Tytuł wpisu w pamiętniku odchudzania:
Walcze dalej :) pierwszy mały sukces :)


DZIEŃ 6

Waga 108,4kg czyli minus 1,7kg

ale się cieszę może uznacie, że to niewiele ale dla mnie na poczatek to  świetna motywacja; byłam dzis w sklepie z ciuchami i widziałam swietną bluzeczke w moim ulubionym fioletowym kolorze  i.....stwierdziłam, że ją kupie jak waga spadnie do 100kg  to bedzie taka dodatkowa moja motywacja i jednocześnie nagroda

Wczoraj :

 20km na rowerku

zero słodyczy i napojów gazowanych

śniadanko : jogurcik + szyneczka

II sniadanko : banan

obiad : serek homogenizowany + szyneczka

podwieczorek : jogurcik

kolacja : 6 sliwek

Jestem w dobrym humorze dzieki spadkowi ahhhhh super; motywacja jest i to jest najważniejsze

  MIŁEGO DZIONKA WSZYSTKIM

  • wagofobka

    wagofobka

    25 sierpnia 2012, 20:18

    Prawie 2 kg to wcale niewiele, bardzo ładny wynik.

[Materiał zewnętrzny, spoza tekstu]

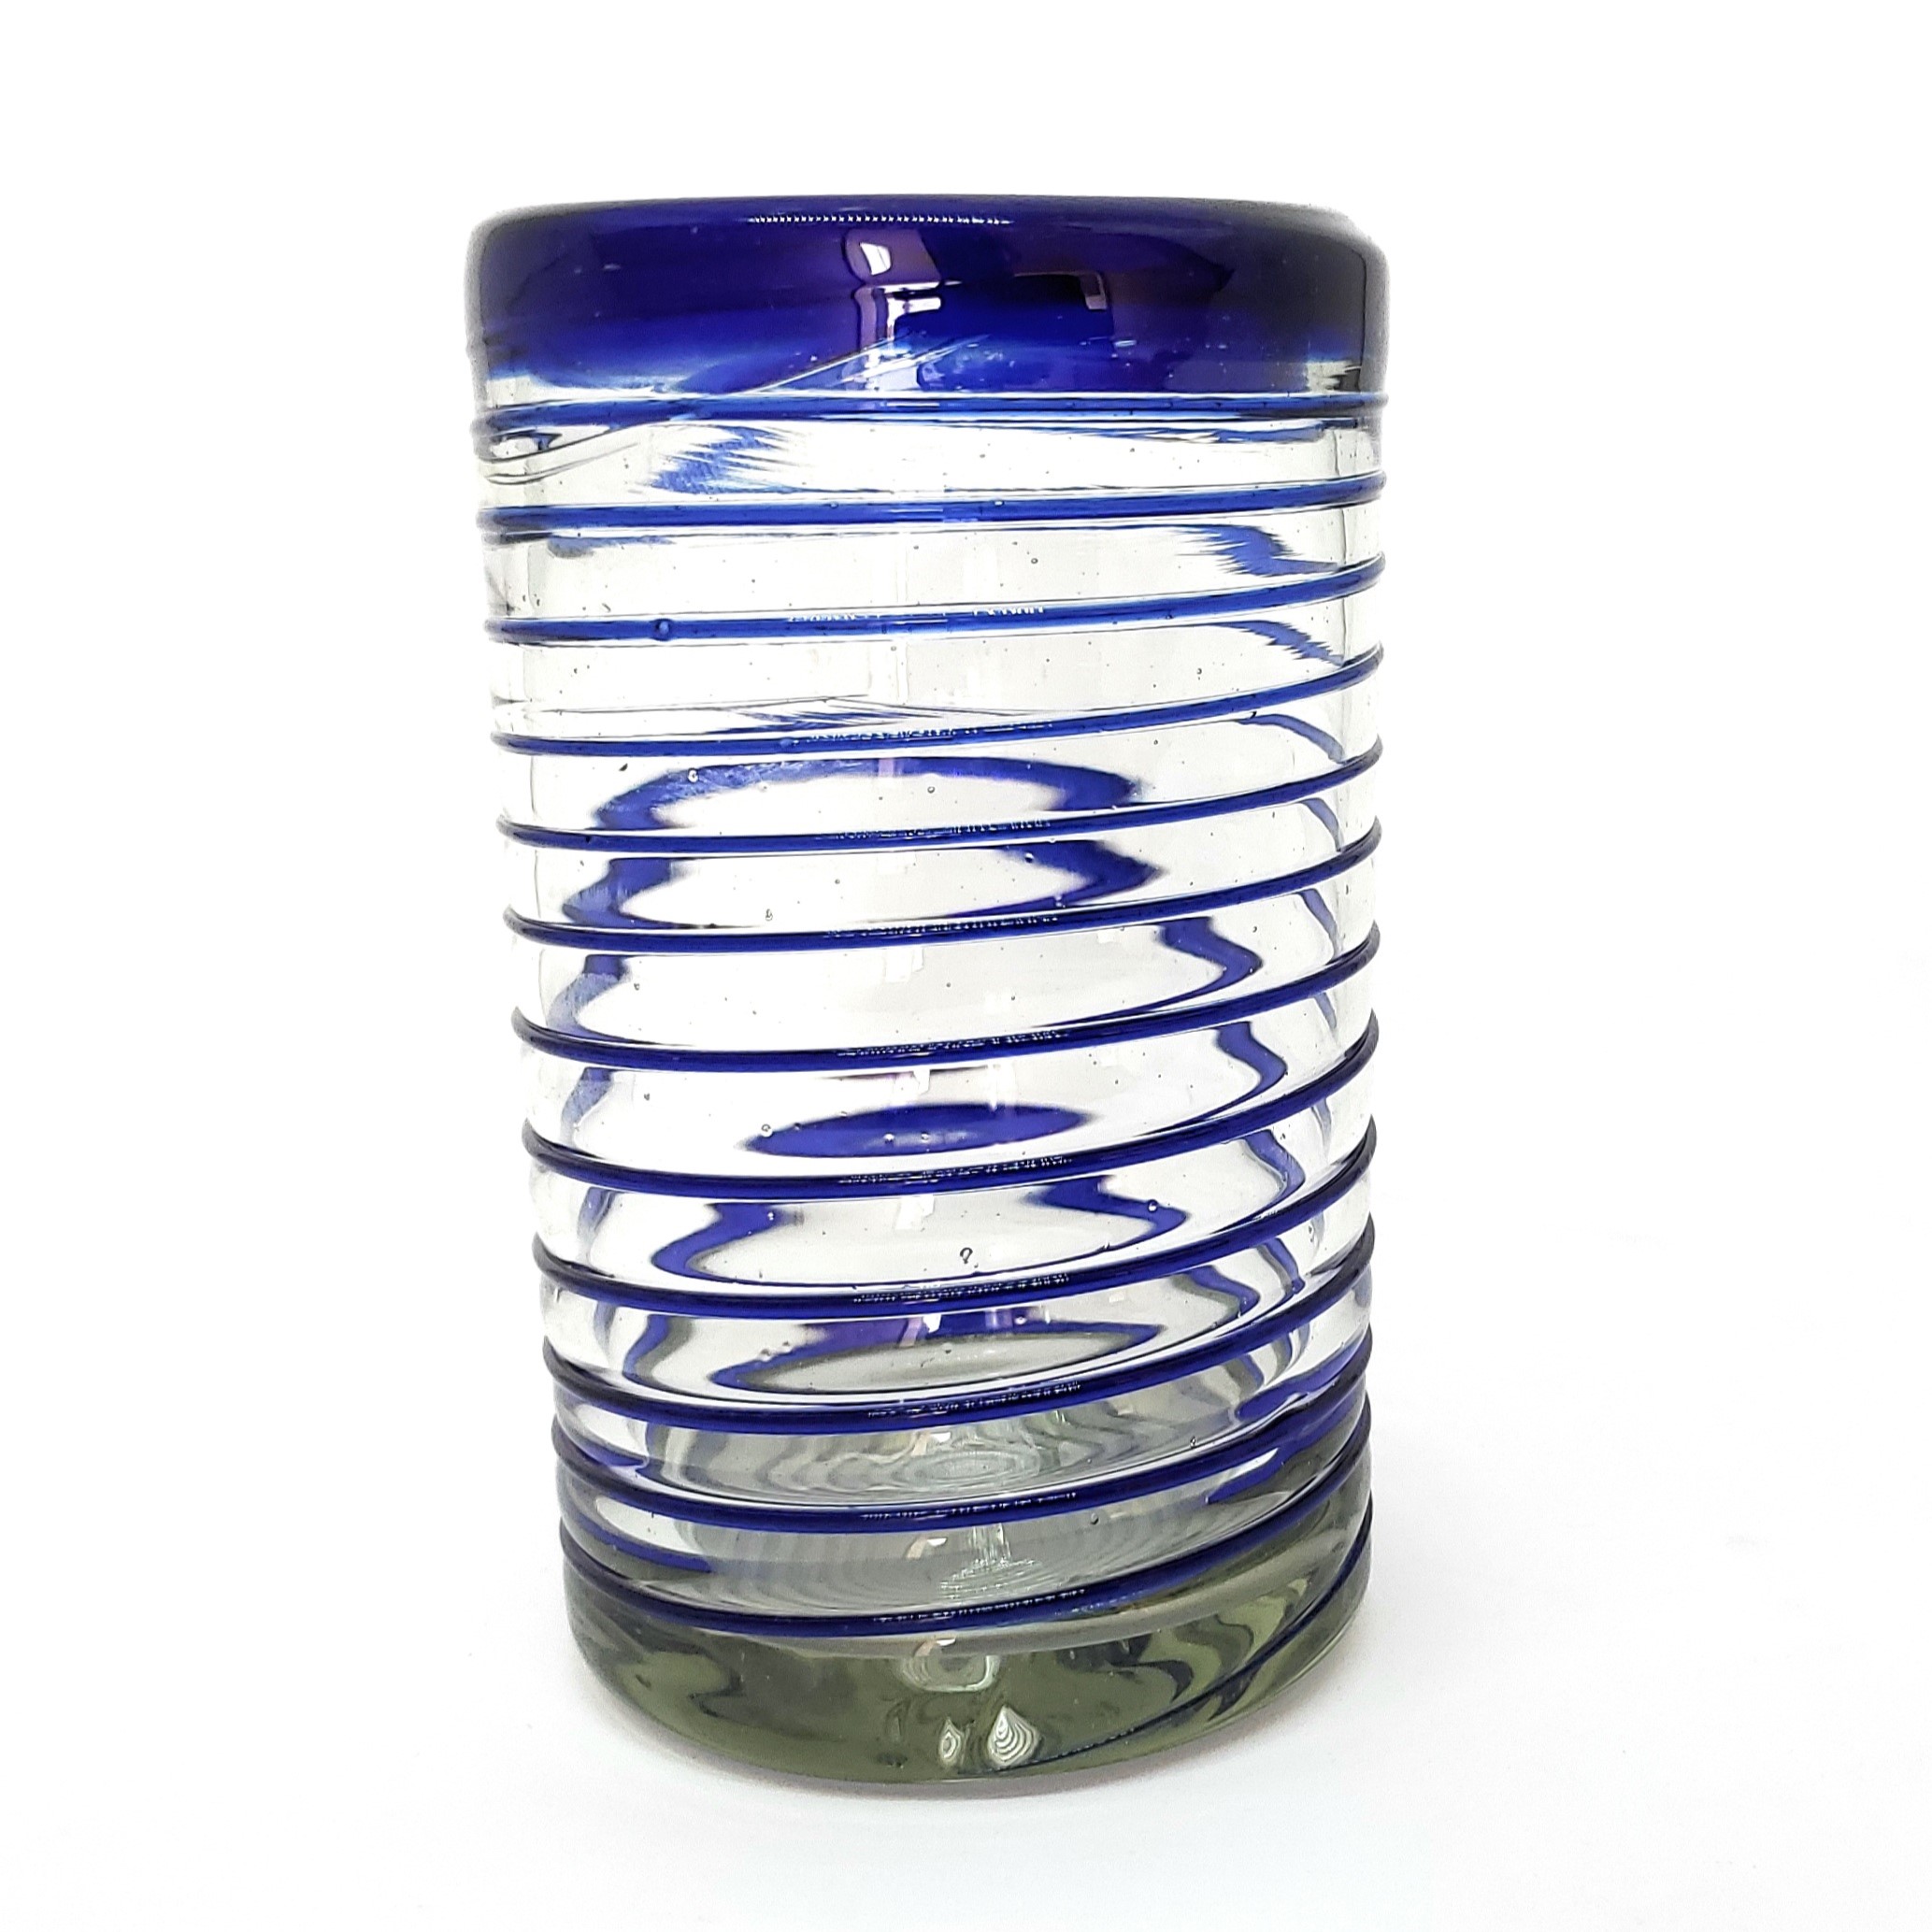 Wholesale Mexican Glasses / Cobalt Blue Spiral 14 oz Drinking Glasses  / These elegant glasses covered in a cobalt blue spiral will add a handcrafted touch to your kitchen decor.

Ale menu głodówkowe!!!

  • parafina86

    parafina86

    25 sierpnia 2012, 14:03

    GRATULACJE I WYTRWAŁOŚCI ŻYCZĘ!BY DODAĆ CI MOTYWACJI POWIEM CI ,ŻE MOJA KOLEŻANKA JAKIEŚ 5 LAT TEMU WAŻYŁA 115KG DZIŚ PONIŻEJ 70KG ODCHUDZAŁA SIĘ POMAŁU +ĆWICZENIA BIEGANIE I DZIŚ JEST ZUPEŁNIE INNĄ OTWARTĄ NA ŚWIAT DZIEWCZYNĄ:) MYŚLĘ ,ŻE WARTO SIĘ POŚWIĘCIĆ...

  • panna.e

    panna.e

    25 sierpnia 2012, 13:41

    Gratuluję spadku :) Walcz kochana dalej :) Dobrze, ze ćwiczysz. Tylko twoja dieta taka monotonna i trochę mało tego jedzenia. Proponowałbym np. jakieś mięsko duszone z warzywami, warzywa na patelnię, ryba. Bo tak na jogurcie i owocach to długo nie pojedziesz. Tym bardziej, że jest w nich sporo cukru a można go przecież ograniczyć i jeść warzywa :)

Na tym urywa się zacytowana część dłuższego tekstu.